BAFF 2018 - Killer Shorts

The snow has reached Buffalo, but Horror Brew has been able to virtually escape to sunny climes – our horror hearts are in Atlanta and Matt and Cat are bringing you a sneak peek of the Buried Alive Film Festival that is running from the 14-18th at the 7 Stages Theatre!

Having missed out on our usual film fest attendance earlier in the year, we are excited for the chance to catch up with several killer shorts that are making the rounds on the horror festival circuit before the end of 2018.

First, allow us to address the overall quality of the short films at BAFF 2018. The bar for production value was obviously set extremely high by the pre-screening team and we are thoroughly impressed by the quality of film. This doesn’t mean that there weren’t some shorts filmed on a shoe string budget, just that the ones that were, are solidly constructed and executed.

Matt: “There is a fairly decent mix of all of the sub-genres and genre-combinations; body horror, erotic (ish) horror, and horror comedies seemed to dominate. BAFF does not shy away from gore and sexual content and there are definitely some WTF shorts added to the mix. Yet, I like that these WTF, balls out or Vag’s out and/or absolute gore fest shorts were not hidden away but instead well curated into a mix of many other types of horror shorts.”

Cat: “Having seen a sizable amount of horror shorts in the last 5 years, I have to admit, I wasn’t expecting to cover my eyes and/or mutter ‘Oh no, no no no’ as much as I did while screening these short films. There are some great twists on familiar tales as well as completely original concepts that are brought to life in a very satisfying way.”

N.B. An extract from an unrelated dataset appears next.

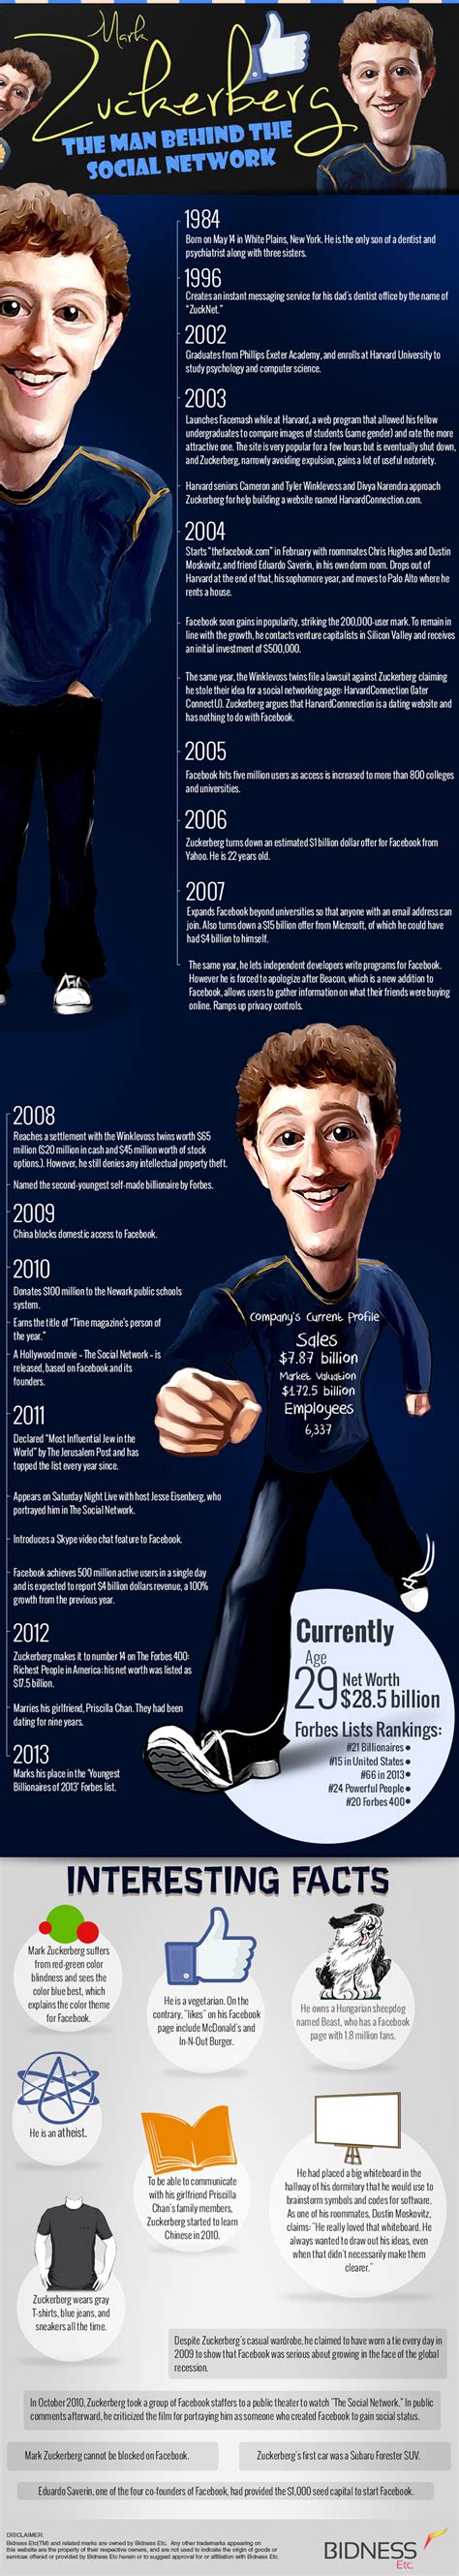 The Life History of Mark Zuckerberg [Infographic]

Of course, as with all horror short blocks, there are some that stand out more than others. These are some of the few that we think horror fans should keep their eyes open for and to also look for future works from their creators.

Buried Alive Film Fest Favorites


This 15 min short from UK from director Alberto Corredor Marina. Preceding the screening of the feature film The God Inside My Ear (review forthcoming) and was by far one of our favorites. The plot follows a man named Kevin who is looking for answers to “questions that only the recently deceased can answer.” His quest takes him to the rusty basement of a rundown pub, where he is faced with something … well you are going to have to see it for yourself to find out.

We felt that this short’s production quality was so high; everything from the cinematography to the acting to the special FX felt professional. Plus, the story was wickedly good. So good that we can’t really say a whole lot about the plot. Find it and see it for yourselves!

With only a couple of editing and production credits, Horror Brew would love to see how Alberto Corredor Marina would tackle a full feature film or at least to give us a few more excellent shorts like Baghead.

Lucy’s Tale

Director Chelsea Lupkin weaves a bit of body horror with a coming of age tale in this short where, “between mean girls, her first romance, and budding hormones, Lucy begins to realize that she’s not quite like the other teenagers in her class.”

Lucy’s Tale intrigued us with its colorful and well shot imagery. From well-placed and well-executed special effects to the character progression that has you invested throughout, Lupkin maintains tension along the entire course of the story. Although we weren’t entirely satisfied with the ending, the ride itself was well worth it. It’s a bizarre dark fantasy that will leave you wanting more from Lupkin.

Exceptional Horror Comedies

The best part of a fest is being able to see such a variety of vision, film is not static and there are many ways to skin this cat. There is no better demonstration of this than in the horror comedy entries, Helsinki Mansplaining Massacre and Psycho Kino.

Like much of the horror coming out of Finland over the past few years, Helsinki Mansplaining Massacre was hilariously gory while being on the nose and socially poignant. To use its own blurb, it is “about one woman’s desperate struggle to survive a horde of men with frail egos, who just want to explain everything to her. But the biggest horror may be closer to her than she thinks.” We hope to see more from director IIja Rautsi soon!

Less gory but just as dark and hilarious was Psycho Kino. This short by director Guillem Dols of Spain features “a couple of snuff filmmakers who face a problematic shoot. One of them is experiencing a creative crisis, whilst the other one feels guilty for the crime they are about to commit. The only one who seems to be in a good mood is the victim.” Written by Dols, the dialogue was a hilariously human take on a very dark, mysterious, and serious “profession” – that of the execution snuff film. Dols’ humor is reminiscent of Jemaine Clement and Taika Waititi’s writing in What We do in the Shadow’s. Psycho Kino is silly and completely willing to leave the restraint of the short’s dark scenario while maintaining the morbid feel of the situation.

As far as horror comedy is concerned, you can’t ask for much more than these two.